Understanding Hospice: The Many Benefits

Aug10

by Annette Miller, Area Director of Operations, Gentiva Hospice 

“I would not have made it without hospice.”

“You are just an angel.”

Often heard, these words mean so much because they typically come from a Hospice patient or family member.

When a patient or family first hears about hospice and life-limiting illness, it is always a difficult time. In these challenging moments, it’s important to know that there is an option that can help a loved one get the most out of life and live as fully and as comfortably as possible.

While many have heard the term “hospice,” they often are not fully aware of the meaning or services offered. The American Heritage Stedman’s Medical Dictionary defines hospice as “a program or facility that provides palliative care and attends to the emotional, spiritual, social, and financial needs of terminally ill patients.” Palliative care is care that provides comfort measures when a specific cure is unavailable for a person’s disease.

The bottom line: Hospice’s main focus is to help a patient live out his or her last days with dignity and respect.

Hospice provides hospice care in the home, nursing home, and assisted living facility – in other words, wherever the patient calls home. This is important because providing care in the setting most familiar to the patient is usually the most comforting. But hospice care actually centers on the entire family. The team of medical directors, skilled nurses, social workers, spiritual care coordinators, hospice aides, and specially trained volunteers focuses on individual care while offering the family all the support they need, including bereavement care following the loss of their loved one. With this holistic approach, hospice care meets a range of physical, emotional, mental, and spiritual needs.

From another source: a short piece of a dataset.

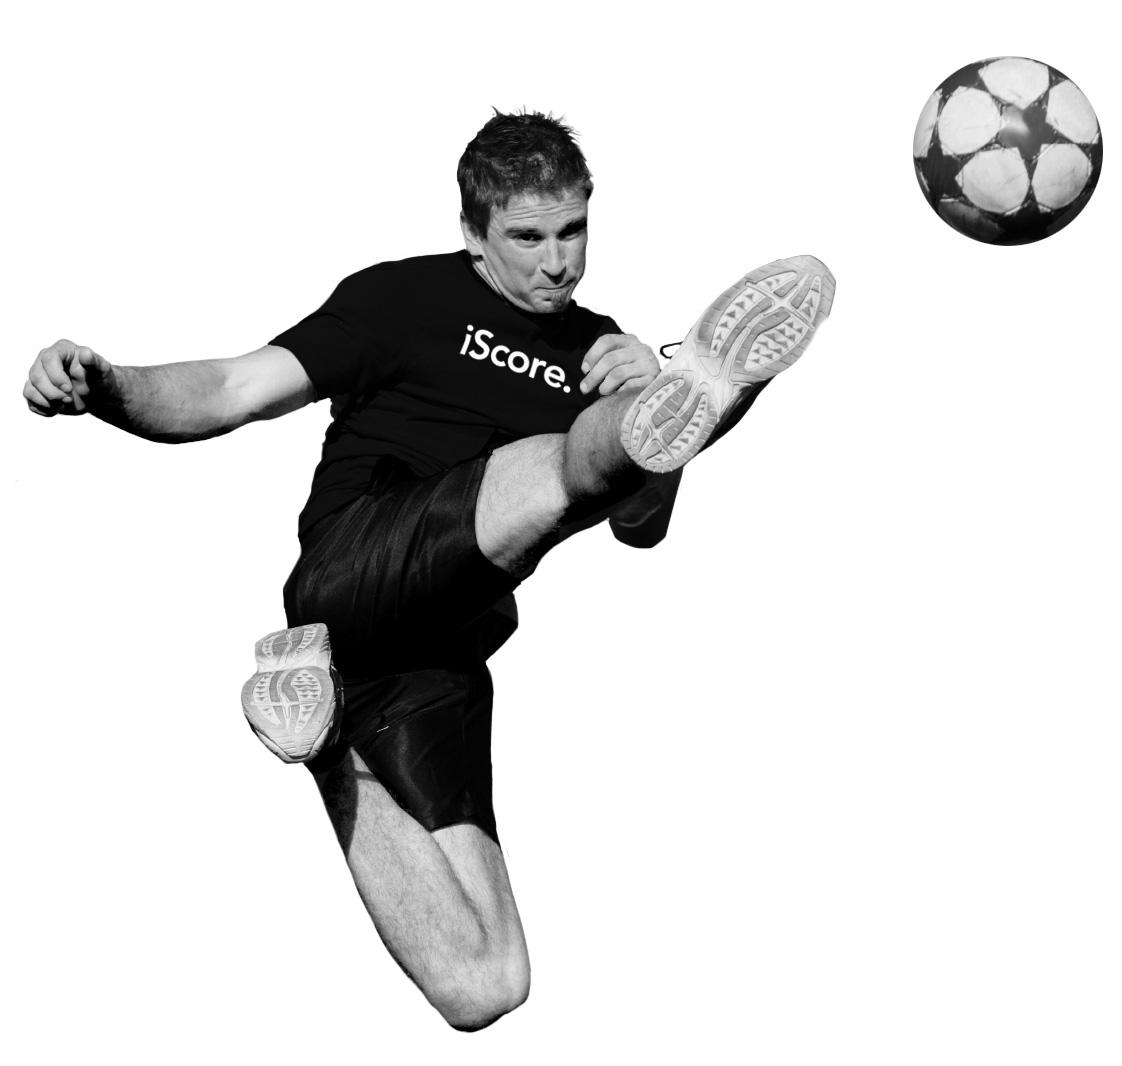 istyle_soccer_guy.jpg

A person is eligible for hospice care when their life expectancy is six months or less, when they are no longer seeking aggressive treatment, and when their personal physician believes that hospice is the appropriate type of care. While a patient with any end-stage disease may be eligible for hospice care, the most common diagnoses seen are cancer, heart and lung disease, stroke, and end-stage Alzheimer’s. Getting into a hospice program early can improve the quality of the days ahead for everyone, giving them time to prepare mentally, physically and spiritually.

Anyone can make a referral to hospice, and once the referral is received, an RN visits the patient and family to assess the patient and thoroughly explain the services that are available based on that patient’s and family’s needs and wishes. Most hospice services are covered by Medicare, Medicaid, and many private insurance and managed care plans. Military personnel and their dependents can receive hospice care through TRICARE. But services are available regardless of ability to pay. The benefit typically covers all home medical equipment, supplies and medications related to the hospice diagnosis.